◆ Given data ◆

+ + + + +

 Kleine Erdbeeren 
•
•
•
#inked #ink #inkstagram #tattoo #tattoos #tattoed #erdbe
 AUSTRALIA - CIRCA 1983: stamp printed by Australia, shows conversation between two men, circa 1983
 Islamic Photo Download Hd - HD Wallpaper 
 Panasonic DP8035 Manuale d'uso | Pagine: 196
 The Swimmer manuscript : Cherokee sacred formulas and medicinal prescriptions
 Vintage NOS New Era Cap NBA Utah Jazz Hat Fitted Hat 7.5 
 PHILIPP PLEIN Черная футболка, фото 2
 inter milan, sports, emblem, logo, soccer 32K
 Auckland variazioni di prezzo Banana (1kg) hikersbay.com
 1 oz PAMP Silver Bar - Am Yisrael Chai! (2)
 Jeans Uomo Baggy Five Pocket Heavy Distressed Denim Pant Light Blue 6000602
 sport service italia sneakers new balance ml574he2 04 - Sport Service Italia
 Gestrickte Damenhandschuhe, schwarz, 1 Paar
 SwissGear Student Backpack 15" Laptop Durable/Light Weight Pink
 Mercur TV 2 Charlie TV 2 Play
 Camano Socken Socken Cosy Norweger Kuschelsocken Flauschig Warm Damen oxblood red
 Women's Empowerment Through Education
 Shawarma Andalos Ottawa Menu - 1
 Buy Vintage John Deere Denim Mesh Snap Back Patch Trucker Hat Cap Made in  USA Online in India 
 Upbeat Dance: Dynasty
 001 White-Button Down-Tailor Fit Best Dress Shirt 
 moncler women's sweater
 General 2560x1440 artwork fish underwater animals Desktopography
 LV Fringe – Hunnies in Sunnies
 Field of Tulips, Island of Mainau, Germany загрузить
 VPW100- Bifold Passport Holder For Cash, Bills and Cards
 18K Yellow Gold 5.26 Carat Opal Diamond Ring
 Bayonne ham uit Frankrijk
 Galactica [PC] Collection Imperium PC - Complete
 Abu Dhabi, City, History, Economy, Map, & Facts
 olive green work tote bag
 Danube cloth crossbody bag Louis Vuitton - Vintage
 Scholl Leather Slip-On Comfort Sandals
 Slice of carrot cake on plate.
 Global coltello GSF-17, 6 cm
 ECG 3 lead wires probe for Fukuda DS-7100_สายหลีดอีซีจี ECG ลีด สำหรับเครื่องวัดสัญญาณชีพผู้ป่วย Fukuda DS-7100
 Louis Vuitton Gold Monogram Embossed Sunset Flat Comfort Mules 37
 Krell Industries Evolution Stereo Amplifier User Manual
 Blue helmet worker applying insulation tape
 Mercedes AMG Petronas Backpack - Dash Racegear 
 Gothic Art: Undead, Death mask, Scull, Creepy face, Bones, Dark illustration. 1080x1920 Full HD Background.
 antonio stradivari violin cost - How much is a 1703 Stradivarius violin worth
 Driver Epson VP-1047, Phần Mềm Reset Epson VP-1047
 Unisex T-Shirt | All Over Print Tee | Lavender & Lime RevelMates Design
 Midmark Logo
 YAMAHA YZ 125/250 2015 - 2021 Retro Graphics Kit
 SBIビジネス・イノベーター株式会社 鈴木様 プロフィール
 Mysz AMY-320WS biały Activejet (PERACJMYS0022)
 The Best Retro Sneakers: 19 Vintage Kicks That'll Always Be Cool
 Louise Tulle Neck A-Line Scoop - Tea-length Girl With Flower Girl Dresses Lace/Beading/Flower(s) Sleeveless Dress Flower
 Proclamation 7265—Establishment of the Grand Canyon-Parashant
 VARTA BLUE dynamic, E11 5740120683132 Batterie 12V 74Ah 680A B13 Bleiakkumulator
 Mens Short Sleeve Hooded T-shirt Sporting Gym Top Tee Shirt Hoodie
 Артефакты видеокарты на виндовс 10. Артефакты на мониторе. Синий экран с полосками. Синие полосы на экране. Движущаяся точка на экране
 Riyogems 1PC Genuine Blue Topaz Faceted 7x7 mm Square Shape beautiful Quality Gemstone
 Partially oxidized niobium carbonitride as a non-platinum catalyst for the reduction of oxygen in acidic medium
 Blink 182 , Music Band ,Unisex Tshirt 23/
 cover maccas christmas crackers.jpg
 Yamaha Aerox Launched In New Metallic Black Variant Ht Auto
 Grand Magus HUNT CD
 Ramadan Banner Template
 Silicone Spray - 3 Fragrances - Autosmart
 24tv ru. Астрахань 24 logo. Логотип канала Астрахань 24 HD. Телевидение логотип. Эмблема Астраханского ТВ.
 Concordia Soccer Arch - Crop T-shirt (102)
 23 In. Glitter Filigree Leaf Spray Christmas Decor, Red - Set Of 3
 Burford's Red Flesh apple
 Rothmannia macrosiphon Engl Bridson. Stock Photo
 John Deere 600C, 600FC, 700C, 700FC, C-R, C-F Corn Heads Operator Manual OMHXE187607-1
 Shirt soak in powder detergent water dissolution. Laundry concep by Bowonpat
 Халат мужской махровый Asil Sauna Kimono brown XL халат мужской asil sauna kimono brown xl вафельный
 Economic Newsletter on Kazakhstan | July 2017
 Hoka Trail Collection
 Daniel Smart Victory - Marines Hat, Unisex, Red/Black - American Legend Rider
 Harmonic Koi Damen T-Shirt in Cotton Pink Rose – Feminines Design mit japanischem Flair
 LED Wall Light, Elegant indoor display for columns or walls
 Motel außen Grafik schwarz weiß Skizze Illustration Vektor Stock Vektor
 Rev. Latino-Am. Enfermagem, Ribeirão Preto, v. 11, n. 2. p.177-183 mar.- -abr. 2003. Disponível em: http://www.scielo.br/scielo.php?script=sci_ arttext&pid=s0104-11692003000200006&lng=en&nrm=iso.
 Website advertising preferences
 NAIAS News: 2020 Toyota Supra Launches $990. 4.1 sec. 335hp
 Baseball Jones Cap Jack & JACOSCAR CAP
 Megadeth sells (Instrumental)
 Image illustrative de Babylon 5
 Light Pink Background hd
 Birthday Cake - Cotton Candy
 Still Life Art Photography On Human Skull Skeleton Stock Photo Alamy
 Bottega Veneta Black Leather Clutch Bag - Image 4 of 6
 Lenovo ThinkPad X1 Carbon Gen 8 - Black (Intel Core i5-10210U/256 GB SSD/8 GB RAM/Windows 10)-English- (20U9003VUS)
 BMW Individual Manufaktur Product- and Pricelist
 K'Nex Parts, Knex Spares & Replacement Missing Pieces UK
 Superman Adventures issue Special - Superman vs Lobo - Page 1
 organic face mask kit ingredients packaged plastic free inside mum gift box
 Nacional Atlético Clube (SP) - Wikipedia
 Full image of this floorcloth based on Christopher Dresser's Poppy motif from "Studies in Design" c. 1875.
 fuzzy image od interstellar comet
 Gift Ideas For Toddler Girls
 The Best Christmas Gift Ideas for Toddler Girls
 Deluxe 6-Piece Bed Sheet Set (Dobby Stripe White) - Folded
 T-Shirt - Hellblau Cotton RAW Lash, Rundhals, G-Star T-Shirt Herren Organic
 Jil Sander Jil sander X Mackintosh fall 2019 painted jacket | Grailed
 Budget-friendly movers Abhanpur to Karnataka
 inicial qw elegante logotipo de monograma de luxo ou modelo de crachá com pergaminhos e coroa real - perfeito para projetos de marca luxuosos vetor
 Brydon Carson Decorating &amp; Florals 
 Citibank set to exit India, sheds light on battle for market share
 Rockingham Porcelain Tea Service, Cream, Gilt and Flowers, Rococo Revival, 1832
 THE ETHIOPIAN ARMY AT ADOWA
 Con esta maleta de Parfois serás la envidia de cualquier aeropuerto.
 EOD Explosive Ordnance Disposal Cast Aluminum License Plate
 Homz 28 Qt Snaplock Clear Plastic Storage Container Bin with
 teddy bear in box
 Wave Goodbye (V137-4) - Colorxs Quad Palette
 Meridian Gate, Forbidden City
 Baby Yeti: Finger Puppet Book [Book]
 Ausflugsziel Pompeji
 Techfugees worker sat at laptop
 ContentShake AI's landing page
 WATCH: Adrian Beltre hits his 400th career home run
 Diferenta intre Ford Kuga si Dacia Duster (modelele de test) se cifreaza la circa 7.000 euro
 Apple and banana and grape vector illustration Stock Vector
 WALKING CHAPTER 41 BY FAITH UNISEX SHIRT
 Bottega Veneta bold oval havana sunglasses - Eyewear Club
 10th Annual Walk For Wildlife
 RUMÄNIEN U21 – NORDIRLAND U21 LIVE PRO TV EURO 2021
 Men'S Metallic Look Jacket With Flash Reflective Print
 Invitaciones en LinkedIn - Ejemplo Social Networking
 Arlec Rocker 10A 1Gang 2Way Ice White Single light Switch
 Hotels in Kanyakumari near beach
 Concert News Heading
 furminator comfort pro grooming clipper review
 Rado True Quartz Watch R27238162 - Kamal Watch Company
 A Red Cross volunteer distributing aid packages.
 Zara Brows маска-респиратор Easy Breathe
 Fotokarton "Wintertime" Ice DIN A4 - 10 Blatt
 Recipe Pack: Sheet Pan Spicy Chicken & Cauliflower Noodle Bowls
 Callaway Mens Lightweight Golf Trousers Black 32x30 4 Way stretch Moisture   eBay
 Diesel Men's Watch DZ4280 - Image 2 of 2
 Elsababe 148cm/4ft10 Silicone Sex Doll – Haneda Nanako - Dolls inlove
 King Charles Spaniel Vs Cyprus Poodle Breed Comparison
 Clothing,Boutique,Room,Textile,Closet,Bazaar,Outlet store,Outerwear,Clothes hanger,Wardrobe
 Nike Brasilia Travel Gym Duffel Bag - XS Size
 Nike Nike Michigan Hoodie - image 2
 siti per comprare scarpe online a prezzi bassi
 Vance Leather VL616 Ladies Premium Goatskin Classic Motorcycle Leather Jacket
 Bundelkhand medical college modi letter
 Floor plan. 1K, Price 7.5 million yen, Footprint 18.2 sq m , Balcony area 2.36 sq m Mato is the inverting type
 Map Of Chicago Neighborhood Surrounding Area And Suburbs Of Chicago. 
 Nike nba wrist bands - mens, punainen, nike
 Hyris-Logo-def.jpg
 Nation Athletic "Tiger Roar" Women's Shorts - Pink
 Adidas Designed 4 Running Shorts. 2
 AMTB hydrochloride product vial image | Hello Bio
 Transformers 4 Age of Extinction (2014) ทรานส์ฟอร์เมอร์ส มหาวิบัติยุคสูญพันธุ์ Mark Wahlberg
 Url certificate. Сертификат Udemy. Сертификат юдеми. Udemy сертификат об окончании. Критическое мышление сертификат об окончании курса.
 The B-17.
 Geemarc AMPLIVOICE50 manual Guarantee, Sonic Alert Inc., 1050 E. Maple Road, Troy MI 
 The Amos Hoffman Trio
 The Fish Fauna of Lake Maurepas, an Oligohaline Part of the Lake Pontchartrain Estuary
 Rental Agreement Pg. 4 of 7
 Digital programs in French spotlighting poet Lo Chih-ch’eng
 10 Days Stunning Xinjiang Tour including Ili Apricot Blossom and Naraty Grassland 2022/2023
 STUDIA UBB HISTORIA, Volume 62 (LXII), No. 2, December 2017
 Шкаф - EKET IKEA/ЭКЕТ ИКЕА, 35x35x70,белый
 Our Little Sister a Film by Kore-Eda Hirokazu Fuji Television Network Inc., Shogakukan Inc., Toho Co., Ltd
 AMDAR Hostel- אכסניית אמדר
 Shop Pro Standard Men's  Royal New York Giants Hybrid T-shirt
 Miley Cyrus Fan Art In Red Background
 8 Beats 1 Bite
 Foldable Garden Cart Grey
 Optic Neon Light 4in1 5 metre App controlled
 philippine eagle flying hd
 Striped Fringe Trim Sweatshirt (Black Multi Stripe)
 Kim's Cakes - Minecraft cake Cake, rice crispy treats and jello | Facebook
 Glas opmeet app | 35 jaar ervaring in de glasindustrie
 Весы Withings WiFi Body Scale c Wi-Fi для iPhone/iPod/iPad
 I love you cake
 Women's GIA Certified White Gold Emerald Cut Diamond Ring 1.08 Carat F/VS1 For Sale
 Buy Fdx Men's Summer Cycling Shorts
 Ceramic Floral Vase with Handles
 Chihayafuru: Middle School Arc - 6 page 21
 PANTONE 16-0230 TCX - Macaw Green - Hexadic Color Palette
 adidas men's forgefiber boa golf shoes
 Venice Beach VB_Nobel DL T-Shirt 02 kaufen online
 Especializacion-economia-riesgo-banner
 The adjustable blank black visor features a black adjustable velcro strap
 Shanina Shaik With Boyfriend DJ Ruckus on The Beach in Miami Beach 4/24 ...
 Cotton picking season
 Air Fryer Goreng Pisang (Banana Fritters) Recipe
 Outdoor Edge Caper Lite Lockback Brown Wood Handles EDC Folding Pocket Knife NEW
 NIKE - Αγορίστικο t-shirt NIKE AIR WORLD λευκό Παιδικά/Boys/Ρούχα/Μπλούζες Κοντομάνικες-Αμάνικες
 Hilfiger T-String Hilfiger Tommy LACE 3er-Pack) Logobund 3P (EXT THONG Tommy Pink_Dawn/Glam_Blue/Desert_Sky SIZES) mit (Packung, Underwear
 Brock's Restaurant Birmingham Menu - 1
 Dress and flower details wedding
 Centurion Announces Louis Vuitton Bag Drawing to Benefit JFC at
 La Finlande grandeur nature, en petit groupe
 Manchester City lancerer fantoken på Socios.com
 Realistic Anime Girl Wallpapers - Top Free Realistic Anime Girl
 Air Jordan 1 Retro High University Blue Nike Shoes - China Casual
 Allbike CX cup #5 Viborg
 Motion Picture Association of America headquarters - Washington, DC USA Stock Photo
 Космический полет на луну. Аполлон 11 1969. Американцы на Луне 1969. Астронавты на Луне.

+ + + + +

◆ Instructions to follow ◆
Given the records above, return exactly the lines starting at the line containing "18K Yellow Gold 5.26 Carat Opal Diamond Ring" and ending at the line containing "Global coltello GSF-17, 6 cm", including both.

◆ Output for this exercise ◆
 18K Yellow Gold 5.26 Carat Opal Diamond Ring
 Bayonne ham uit Frankrijk
 Galactica [PC] Collection Imperium PC - Complete
 Abu Dhabi, City, History, Economy, Map, & Facts
 olive green work tote bag
 Danube cloth crossbody bag Louis Vuitton - Vintage
 Scholl Leather Slip-On Comfort Sandals
 Slice of carrot cake on plate.
 Global coltello GSF-17, 6 cm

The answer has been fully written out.